Jasmine and her dad both played soccer at Bethel University and have grown closer from the experience. Her entire family comes to see her games to cheer her on when they can, just like they did when she was in high school. Her dad is the loudest cheerer.

“My dad is happy that I get to have the college soccer experience because he made a lot of good memories playing for bethel and he enjoys seeing me have the same opportunity,” said Jasmine.

Before Emma’s freshman year came to an end, the girls on her floor pitched their hammocks by Lake Valentine to watch the sunset together before sticking tarp to the walls to create a slip-n-slide down the hallway of Bodien third floor.

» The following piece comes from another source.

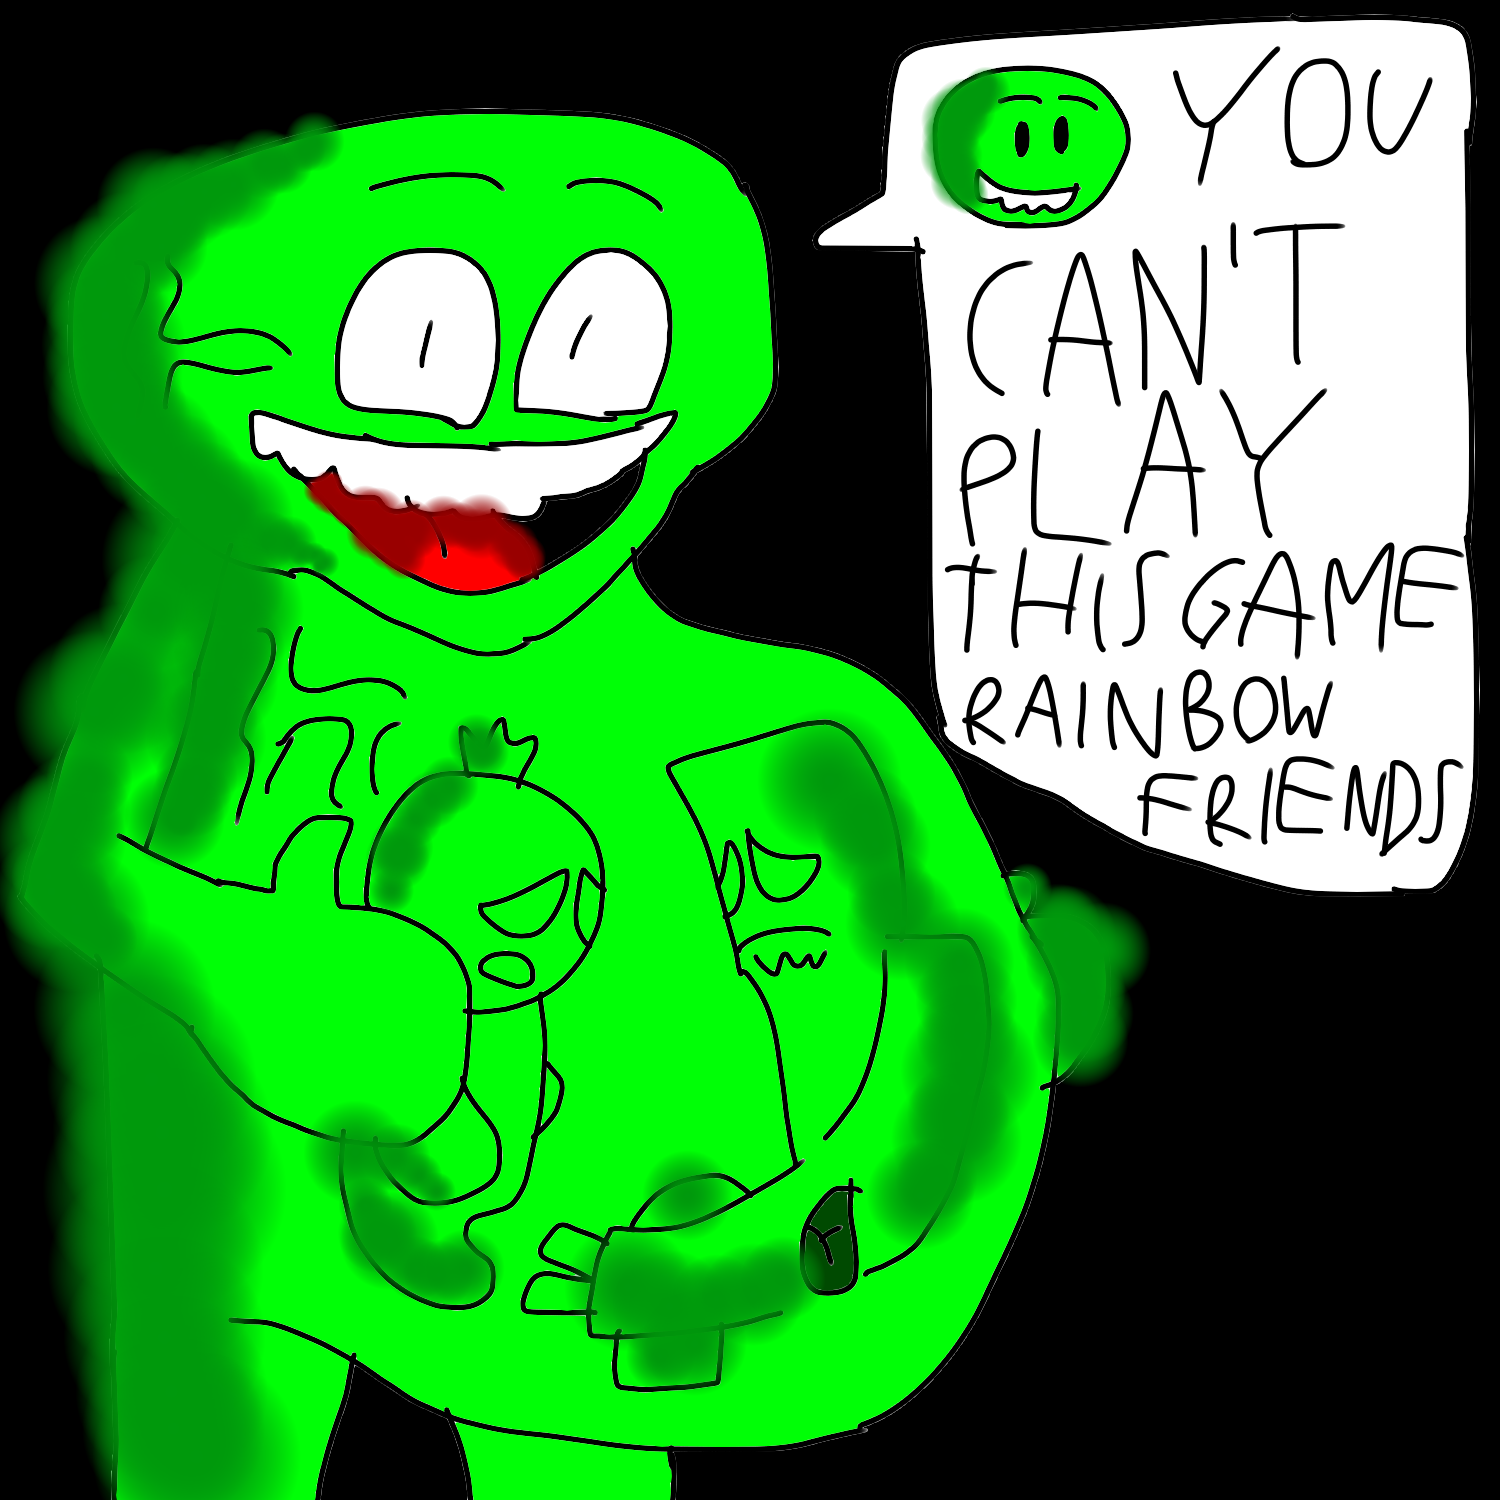 RAINBOW FRIENDS vs JUMBO JOSH in Garten of Banban (Minecraft Animation)

Before the night ended, they made their way down to the bungalow on the second floor to snuggle up and watch a movie together.

“It is one of my favorite memories from my time at Bethel,” said Forsline, “not just because of what we did but with all the incredible women I spent it with.”

Emma’s parents couldn’t be happier for their daughter.

“She’s getting a great education, from a Christian perspective, and is making a lot of fun memories. That’s what we remember, and hope for Emma,” says Emma’s dad, Kyle Forsline. “Most of all, we know that Emma will encounter God and grow in her love for her savior, Jesus Christ, as she attends Bethel.  It’s a place that fosters that growth.  She has already met incredible individuals and made great friendships-much like we did-with people who will help her in her spiritual walk and as she moves forward in life.”

“I don’t think I am necessarily living up to their legacy. I am just continuing their legacy. I am just a part in this big story that started a long time ago. Each person has played a role in building that legacy and moving it forward.” – Emma Forsline

Even though Emma is carrying her family’s legacy with her, she doesn’t feel pressured to travel down the same path that her 29 other relatives did.

“I don’t think I am necessarily living up to their legacy,” said Emma. “I am just continuing their legacy. I am just a part in this big story that started a long time ago. Each person has played a role in building that legacy and moving it forward.”